What I am talking about is how ALL of these are interconnected and how elected officials of both parties have failed to promote our nation as a shining example of democratic values.  While teachers serve as a convenient scapegoat for many politicians and social critics, the truth is that, inadequate teachers aside, we have failed to hold our politicians accountable.  To the critical observer, our government has become so corrupted and infiltrated by big business that it’s difficult to distinguish the two apart.

This is made evident not only by public poll numbers showing our distrust of government institutions and big business, but also by statistics showing our growing economic inequalities and the political decisions that fuel these.

While some of the statistics revealed in this special were shocking (see statistical summary below), I believe that we need to look behind the underlying factors that perpetuate these unfortunate statistics.  For example, there was a lot of attention given to our nation’s falling math and science scores compared to the rest of the world (25th in math and 21st in science).

What about social studies?  The fact that there is even a controversy about the Islamic community center being built near Ground Zero in NYC baffles me.  These are basic First Amendment rights, a complete non-issue.  President Obama, our first non-white President, is believed to be Muslim by nearly 20% of the population.  The sad part is that, all falsities and media distortions aside, this should not even matter, whatsoever.  How can so much hate and ignorance be so widespread in 21st Century America?

Our politicians and the powerful elite who have the ability to change this from the top down have shown no signs of advancing democratic education, let alone giving our current “test crazy” school system proper funding or additional faculty support.

We can continue to scapegoat all those “wealthy” teachers for our country’s problems and we can continue to allow the mainstream media to distract us with the 24/7 news cycle spin zone, but it will not lead us down the path of modern progress.  Only a large mass movement of people demanding another New Deal-like program focused on job creation, education, rebuilding our infrastructure, and reinventing a new, green manufacturing base will be sufficient to turn things around for the middle class.

Imagine how students would respond to seeing our government taking accountability and spending money on our future and not on war or on Wall Street bailouts or on corporate welfare.  Maybe if the nearly 50% of black fourth grade students attending impoverished schools see their government fixing the ghettos, ending the racism within the criminal justice system and spending more money on their dilapidated schools than on imprisonment they will become more motivated to stay in school instead of dropping out at a rate of 40%.

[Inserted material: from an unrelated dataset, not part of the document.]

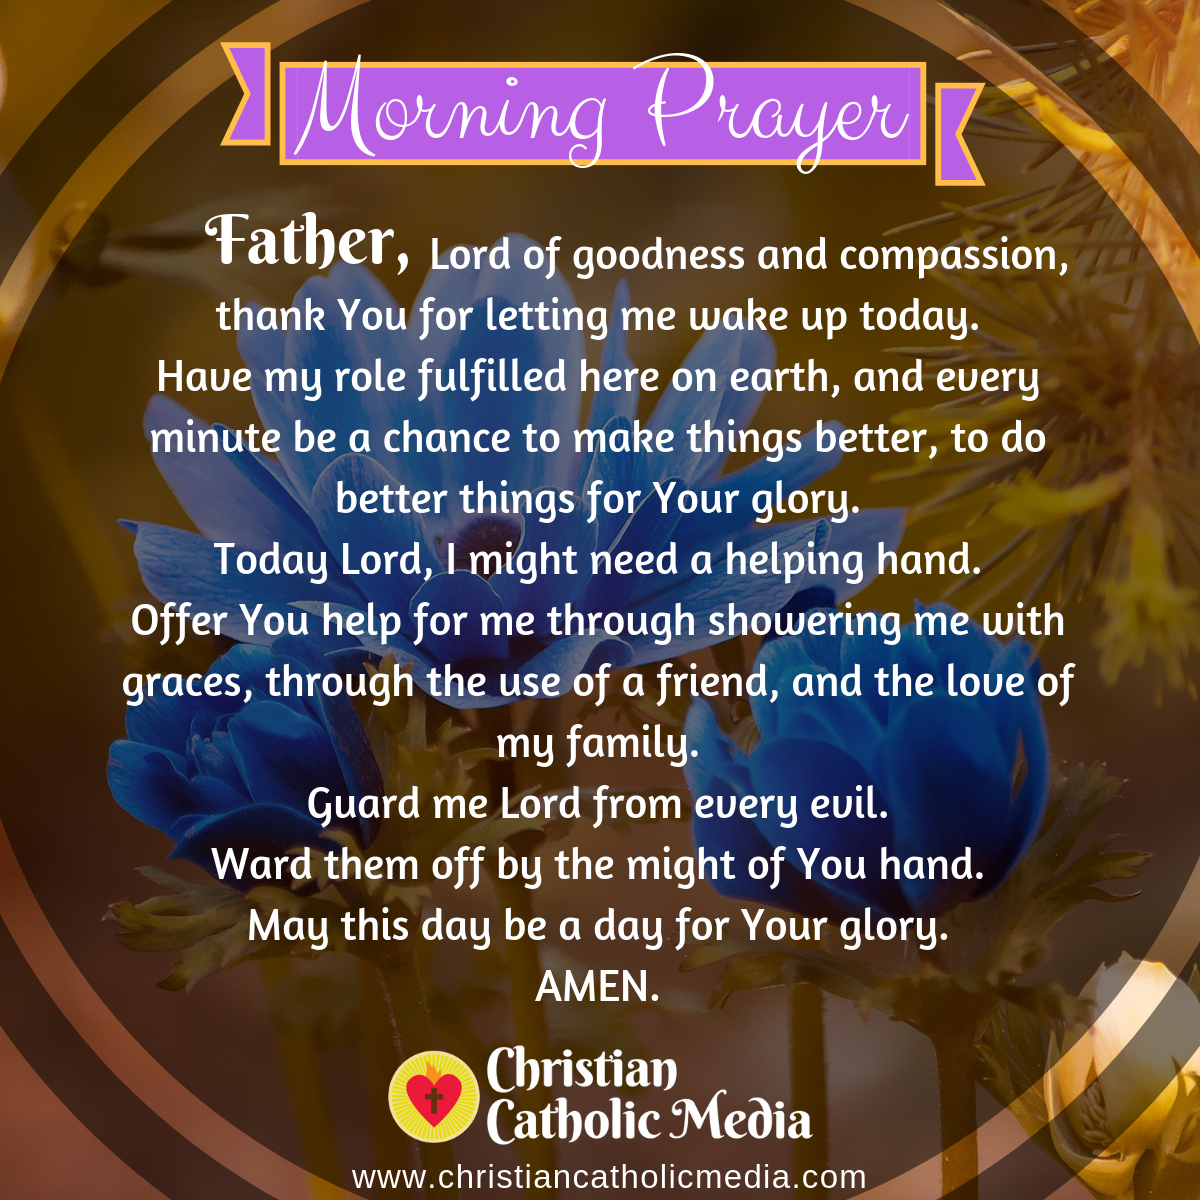 Morning Prayer Catholic Tuesday 172020 Christian Catholic Media
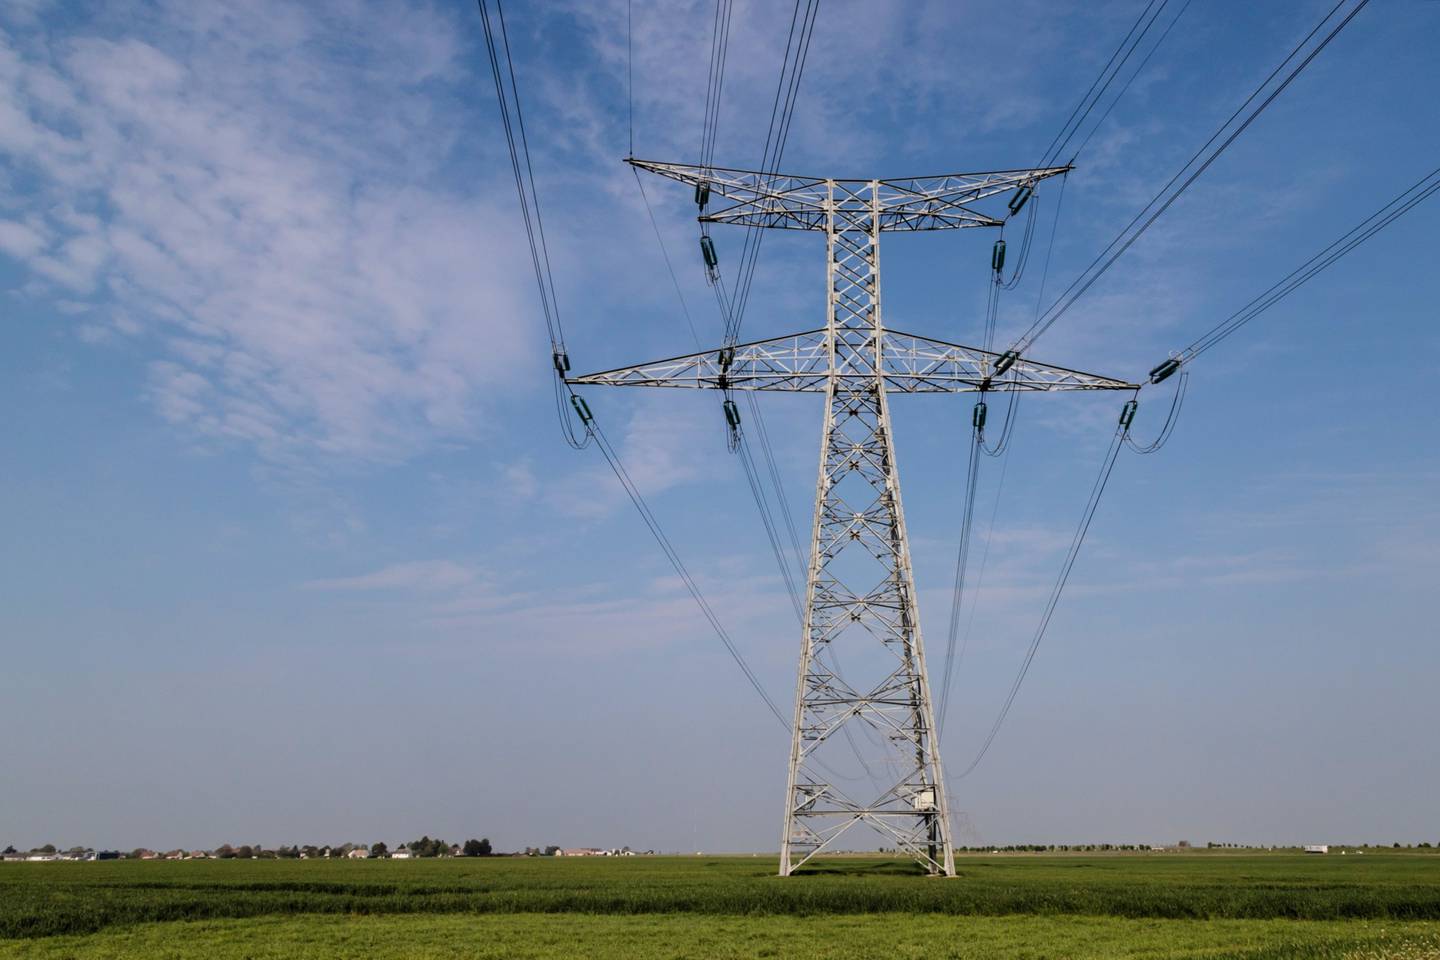 Líneas eléctricas de alta tensión atraviesan campos agrícolas en Laas, Francia, el martes 3 de mayo de 2022.  Fotógrafa: Anita Pouchard Serra/Bloomberg

In short, we need to end all of the charades about where the true problem lies.  It is not the quality of teachers or the presence of Muslims or the “War on Terror”.  The real problem is a corrupt and greedy two-party government financed by an even greedier and wealthier “ownership class”.  So what are we going to do about it?

Here are some other statistics presented by MSNBC on Making the Grade:

Violence in schools: 1.5 million nonfatal crimes in school versus 1.1 million nonfatal crimes outside of schools; 16% of white children say there are gangs in school; 36% of Hispanic students report gangs at school; 38% of black students report gangs at school.

Parents’ education: 9 out of 10 Hispanic kids have mothers without degrees; 4 out of 5 Black children have mothers without bachelors degree; 62% of Hispanic adults have a high school diploma, while 92% of white adults have a diploma.

Dropout rate: Nationwide average is 25%; African-Americans = 40%; Hispanic-Americans = 38%; 75% of all dropouts are minorities. 12th out of 36 nations in graduating students from college.

Teacher pay (May 2008): Median wage $47,100 – $51,180; Bottom 10% = $30,970 – $34,280; Top 10% = $75,190 – $80,970.

Family life: 56% of black children under the age of 18 live with a single mom; 75% white students live with married parents compare to 34% of black students.